Dan Sugalski <[EMAIL PROTECTED]> wrote:
> At 9:15 PM +0100 11/23/04, Leopold Toetsch wrote:
>>Below inline/attached are some thoughts WRT the subject.
>>
>>leo
>>
>>
>>Lexicals, continuations, and register allocation
>>
>>1) Recent discussions have shown that we obviously can't handle all
>>the side effects of continuations correctly. Reusing preserved
>>(non-volatile) registers after a call isn't possible any more, due to
>>loops in the CFG a continuation might create.

> I admit, I've been watching the discussion and I just don't
> understand why there's a problem.

> So far as I can tell there are two cases here:

> 1) A return continuation

> 2) A regular continuation

> We've already established that a return continuation preserves the
> top half of the registers (though I think that's not been clear) so
> there's just no problem there --

That term "preserves" needs some more clarification. Some months ago we
used the "savetop" / "restoretop" opcodes. They made a copy of half of
the register frame and restored it on return. The caller and the
subroutine did executed in the registers inside the interpreter
structure. We decided to give up this scheme in favour of the indirect
register addressing.

Now we have a new register frame, where a subroutine is executing.
Returning from the subroutine returns to the other register frame, which
of course means that the registers are preserved, because the subroutine
executed in a freshly allocated and of course different register frame.

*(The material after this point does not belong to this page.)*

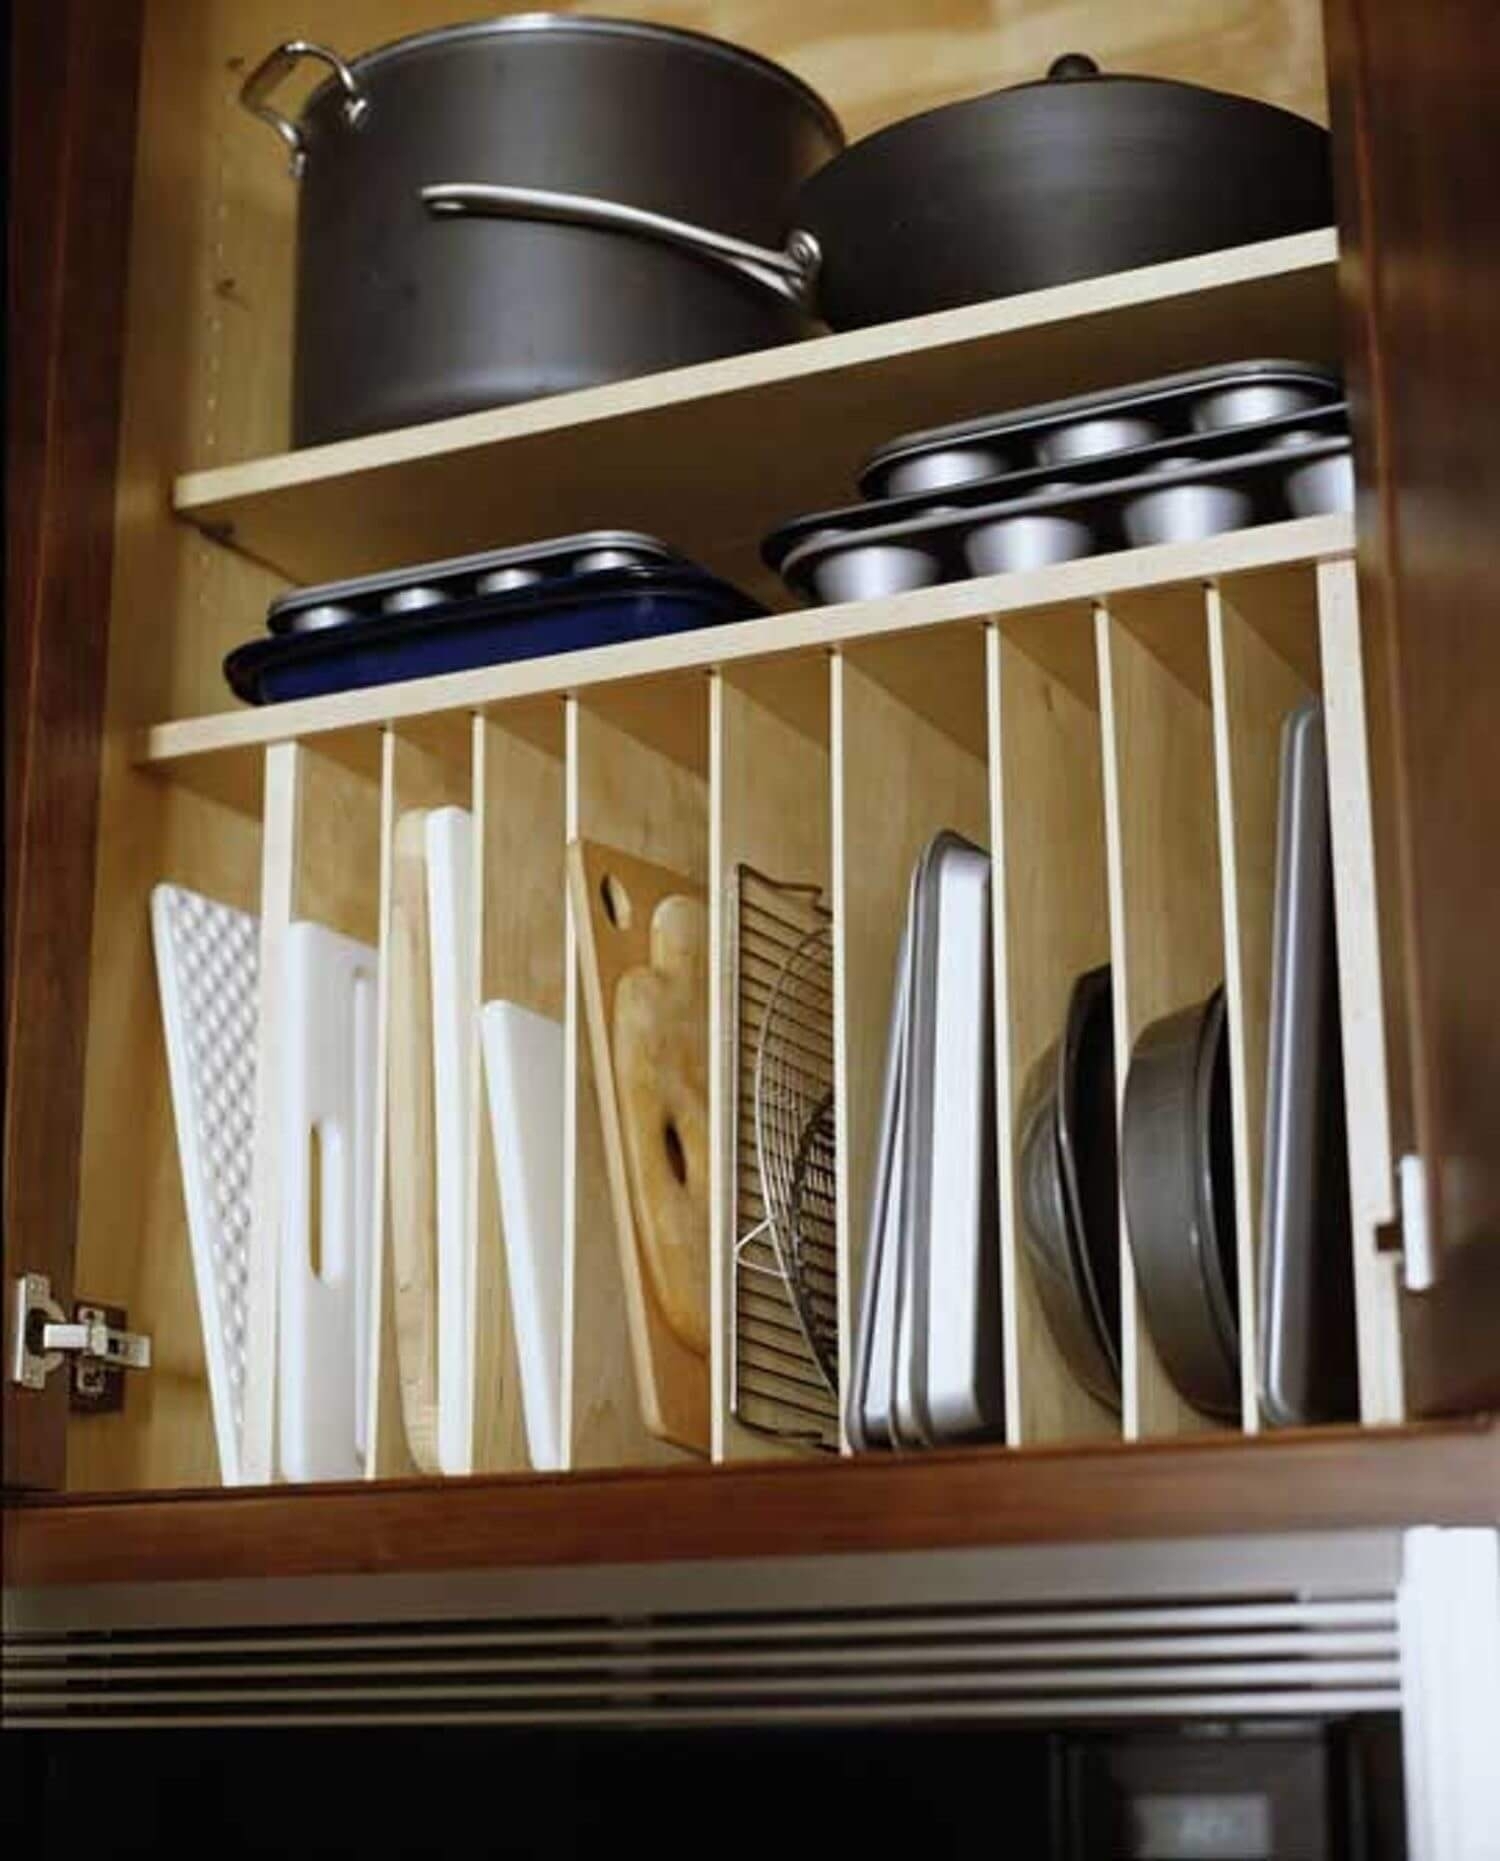 Система хранения на кухне: умные решения для компактного помещения

> ... at the point a return continuation
> returns, [IPSN]16-31 will be as they were when the return
> continuation was created. Which, in practice, makes the I and N
> registers useless for variables like loop counters, though fine for
> constants (both real and effective)

Huh? You are now back with register copying? With the additional "benefit"
that we can't use integer loop counters anymore? Sorry, I can't believe
that you are proposing such a broken usage of (return) continuations.

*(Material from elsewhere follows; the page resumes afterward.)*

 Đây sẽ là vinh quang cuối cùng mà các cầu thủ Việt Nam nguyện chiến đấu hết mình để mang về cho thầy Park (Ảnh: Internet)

> N.B. that this is an issue that only affects the PIR register
> allocator

Yes. That is what we are discussing since weeks.

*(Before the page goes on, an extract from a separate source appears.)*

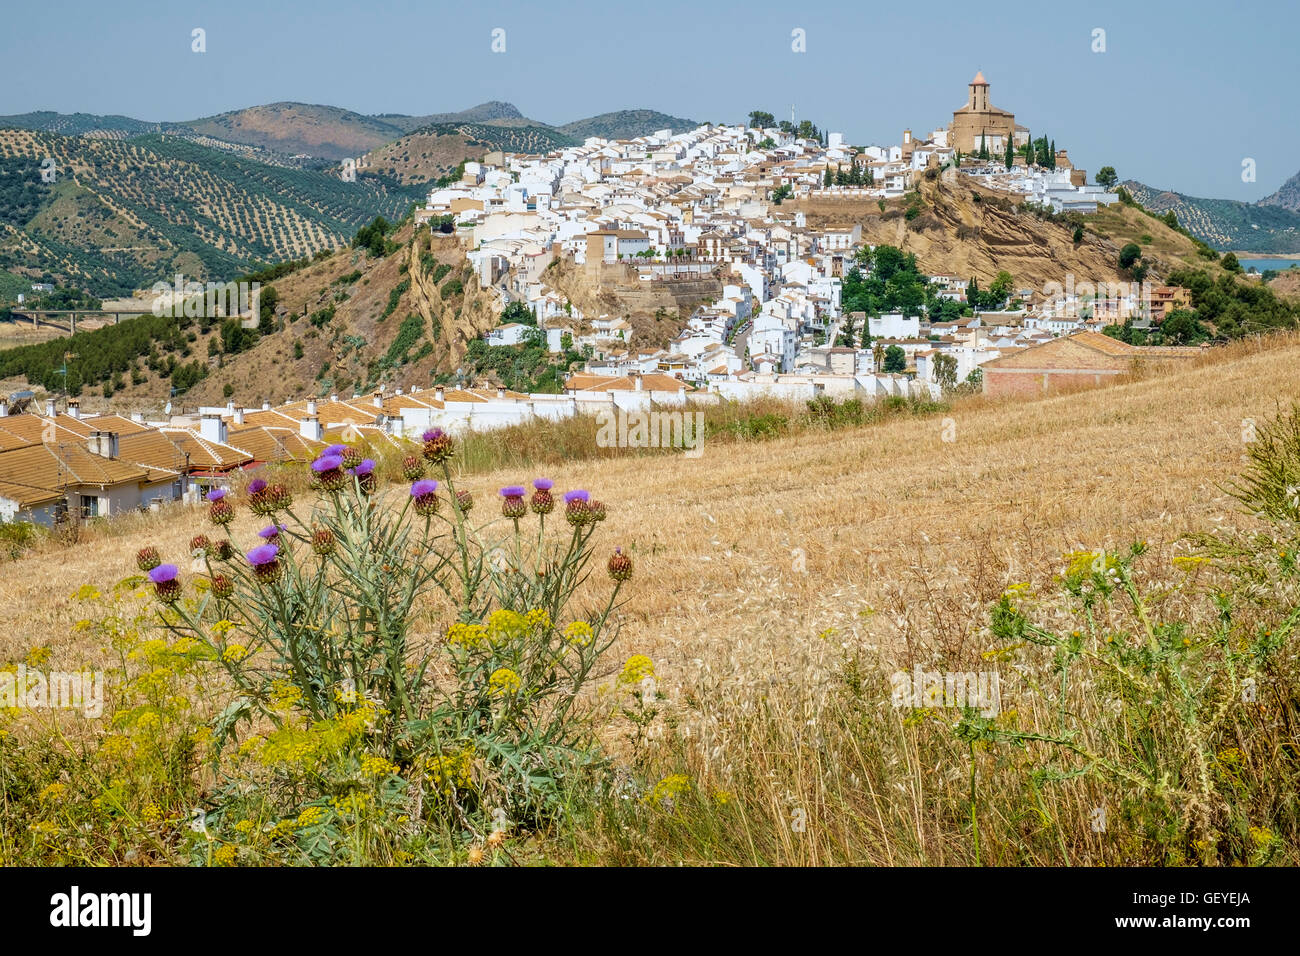 Iznajar pueblo visto desde el este. Andalucía, España Foto de stock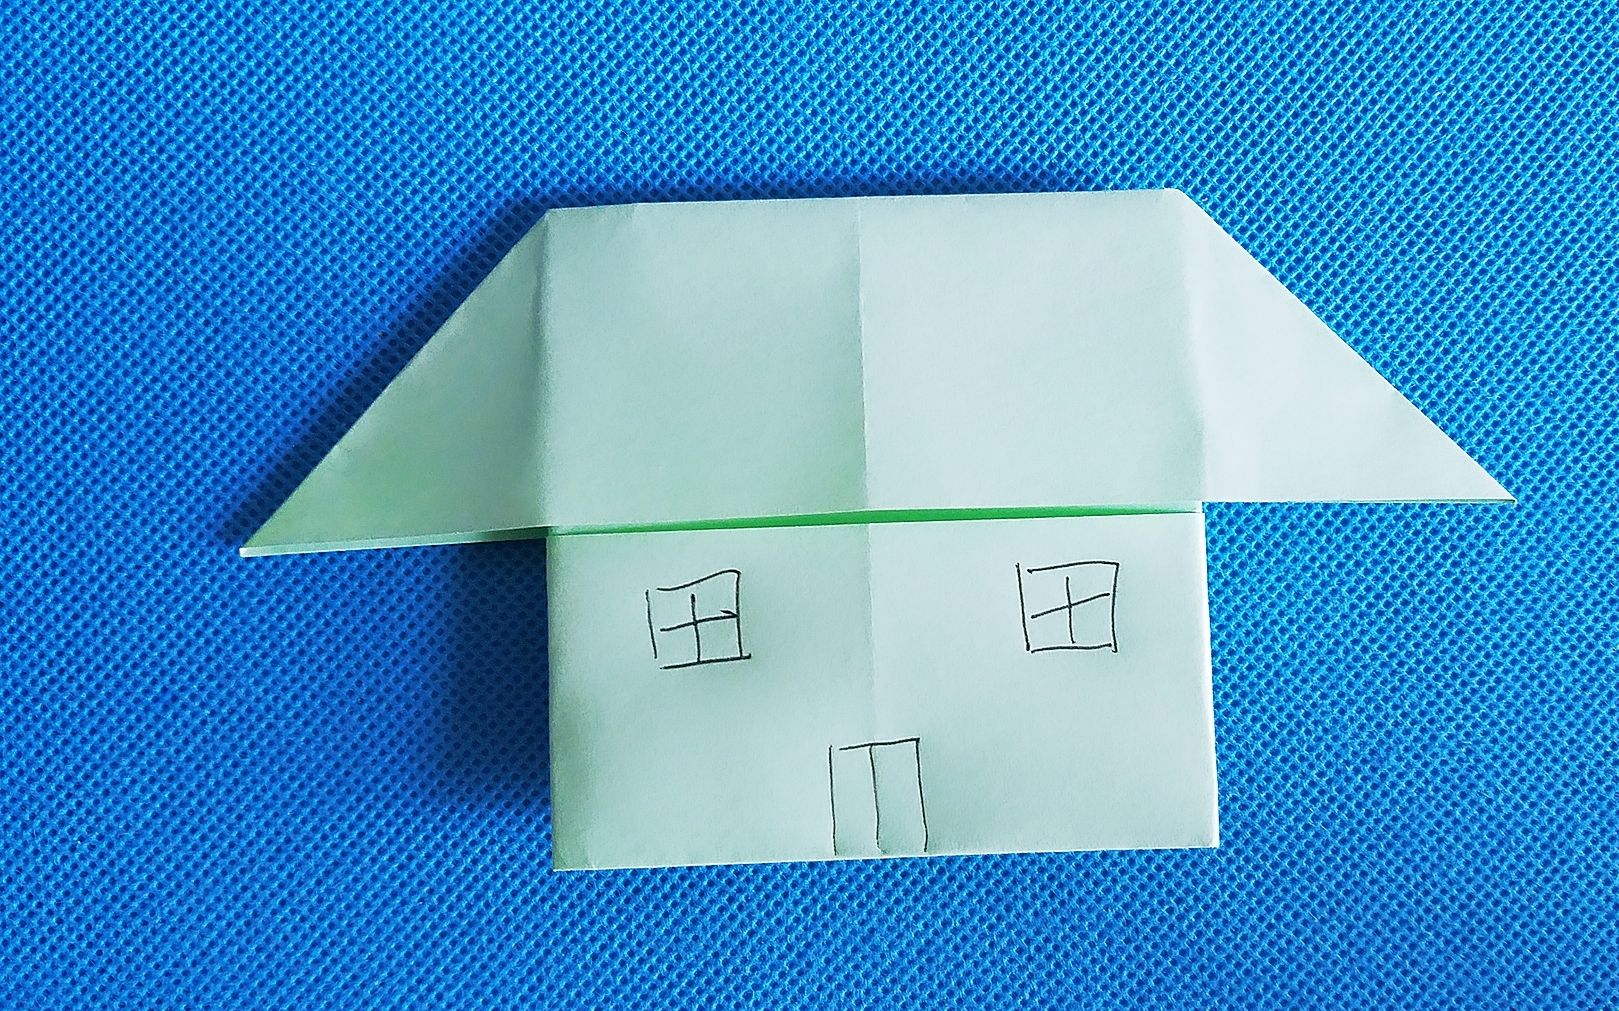 【折纸教程】折纸王子:小房子折纸大全教程讲解详细一看就会

>>There are two proposed, accepted but undesirable work arounds:
>>a) don't reuse registers - drawback spilling
>>b) refetch all from lexicals - drawback execution time

> Before I comment on this one, I want to double-check -- you're
> proposing tossing the pads and going with a variable-sized register
> frame, yes?

Yes. The data storage of one pad nesting is one register frame. The
lexicals in the top pad are reachable directly as registers. Lexicals in
outer pads still need fetching by the fetch_lex opcode.

R0..R15 are used as now, R16 .. Rn are preserved registers and lexicals.
This scheme BTW supports also Perl6 natural types as lexicals.